_Brief_:
Dropping every picture, set down exactly the lines in the entries below, starting with the line with "Complete Adventis Hymnal, title: 159-The" and going on through the line with "Princess Diana and".

_Provided records_:
────────────────────────────────────────

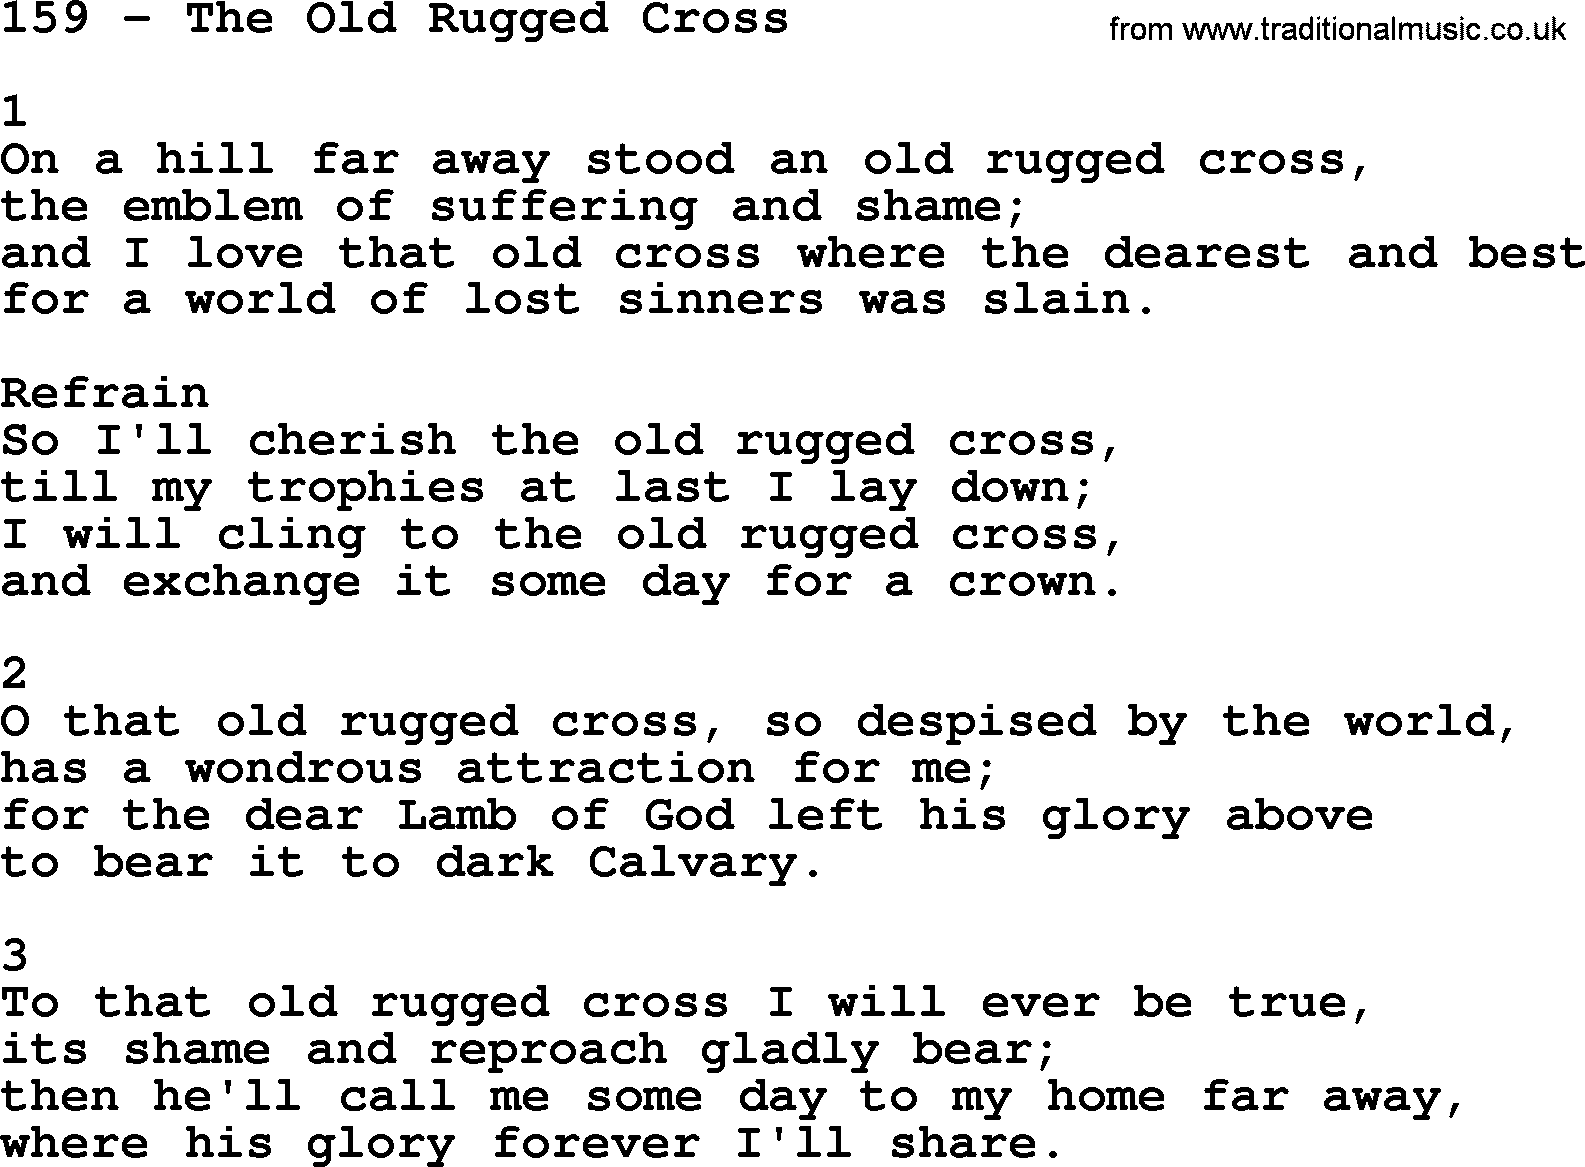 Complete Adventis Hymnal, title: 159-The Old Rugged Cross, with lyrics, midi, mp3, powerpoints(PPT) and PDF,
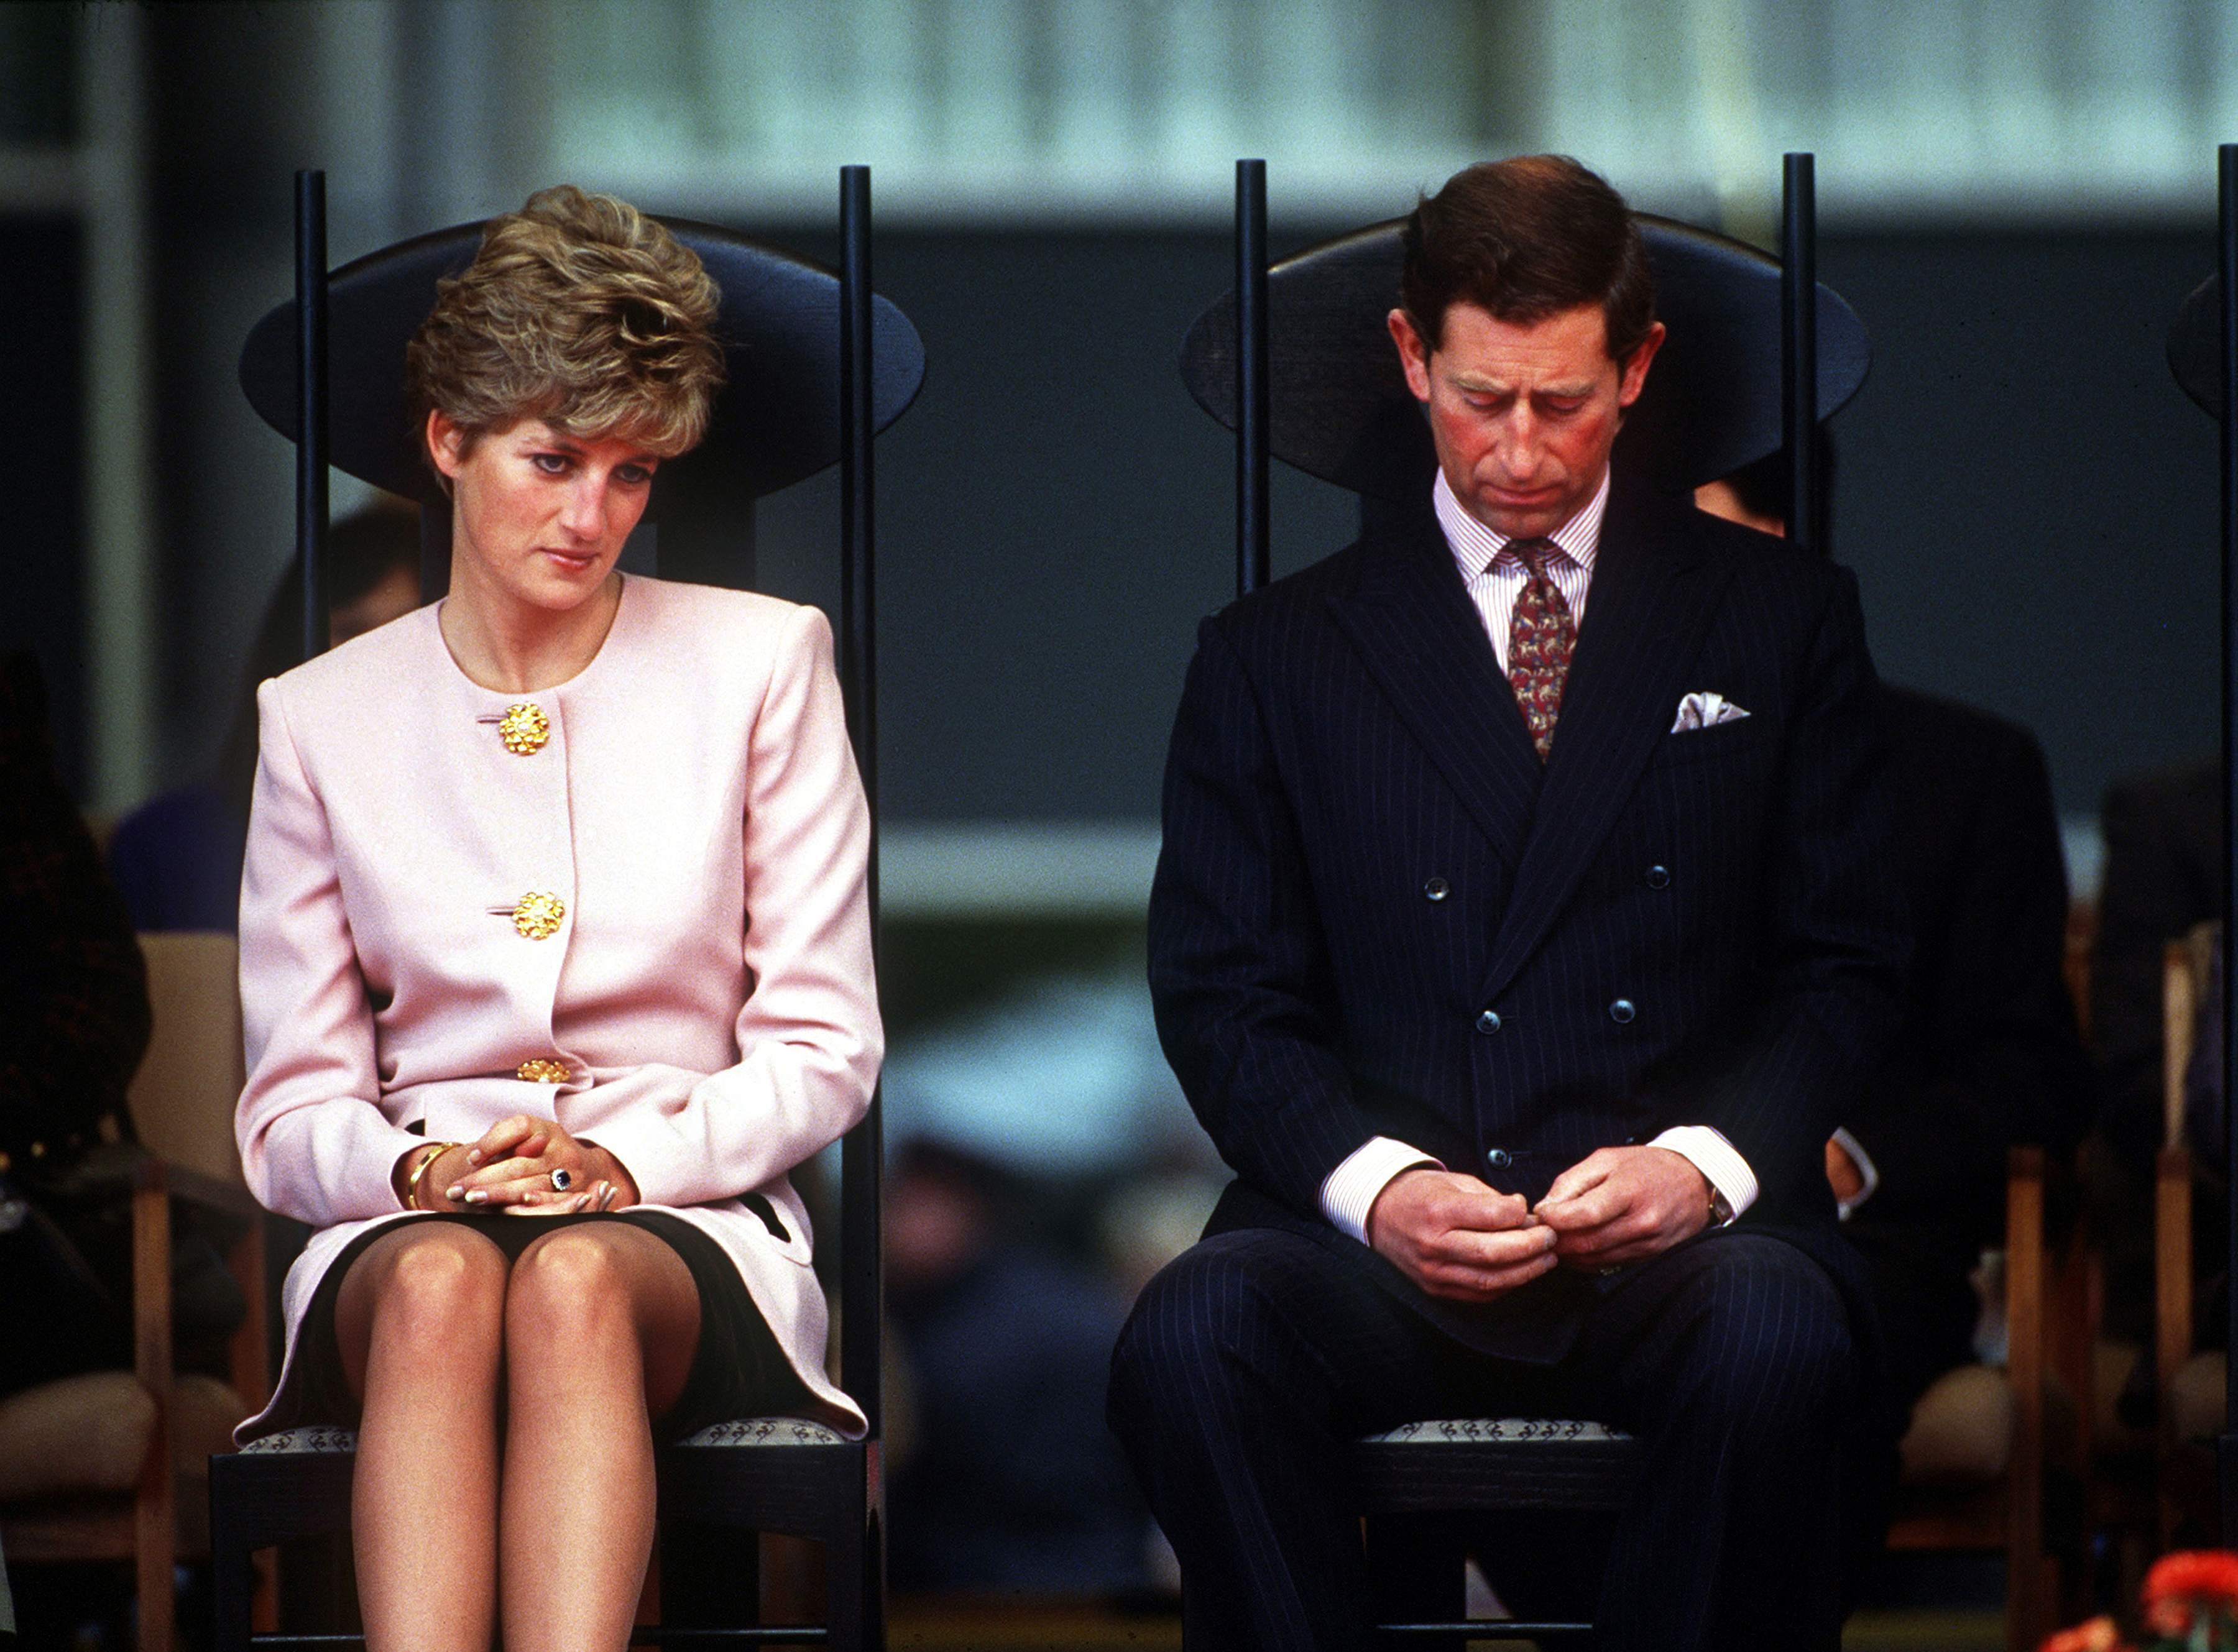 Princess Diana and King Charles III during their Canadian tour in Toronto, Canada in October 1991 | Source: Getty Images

────────────────────────────────────────

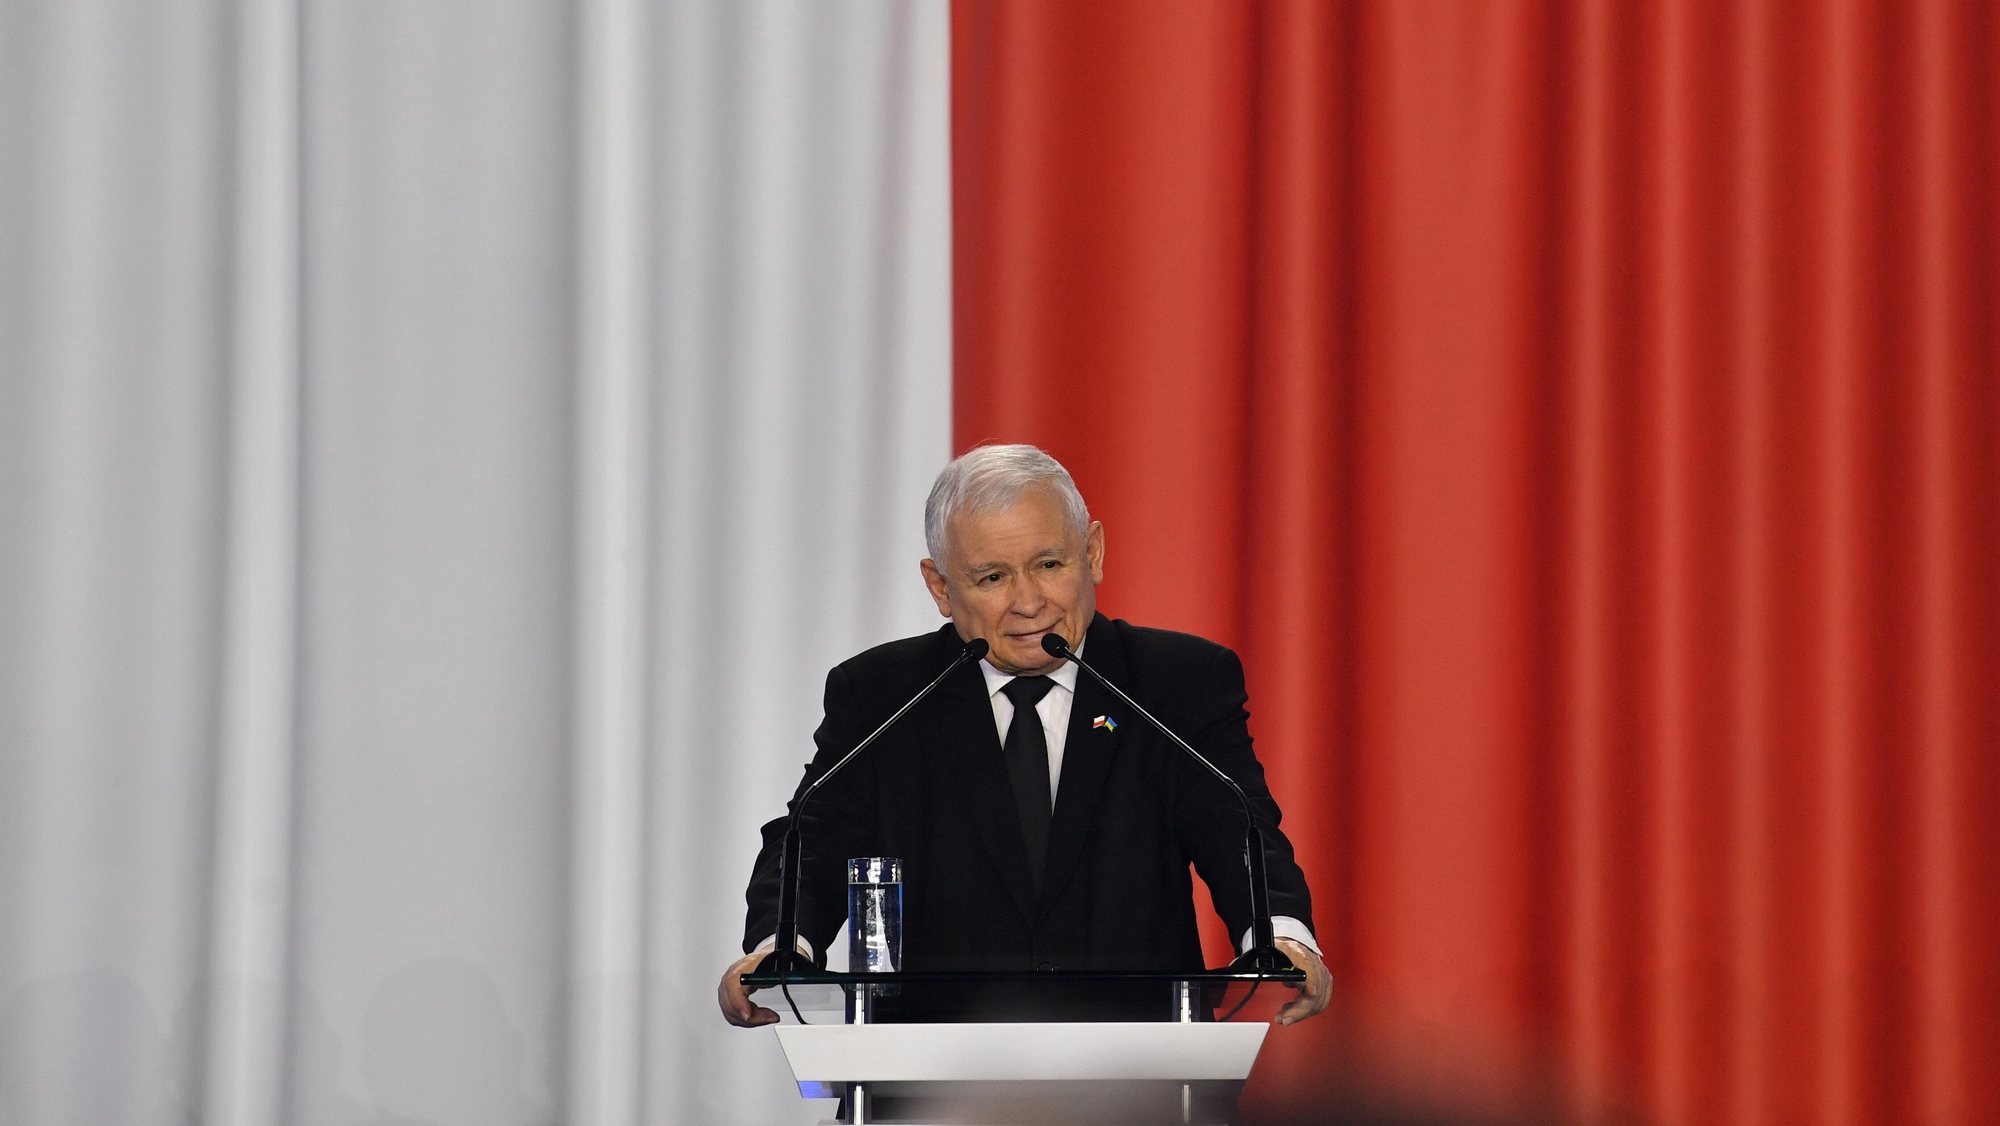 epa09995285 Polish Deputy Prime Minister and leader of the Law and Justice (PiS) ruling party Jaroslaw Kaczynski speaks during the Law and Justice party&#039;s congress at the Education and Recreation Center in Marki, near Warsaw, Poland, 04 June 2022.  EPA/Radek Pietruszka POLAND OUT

────────────────────────────────────────

_Output of the exercise_:
 Complete Adventis Hymnal, title: 159-The Old Rugged Cross, with lyrics, midi, mp3, powerpoints(PPT) and PDF,
 Princess Diana and King Charles III during their Canadian tour in Toronto, Canada in October 1991 | Source: Getty Images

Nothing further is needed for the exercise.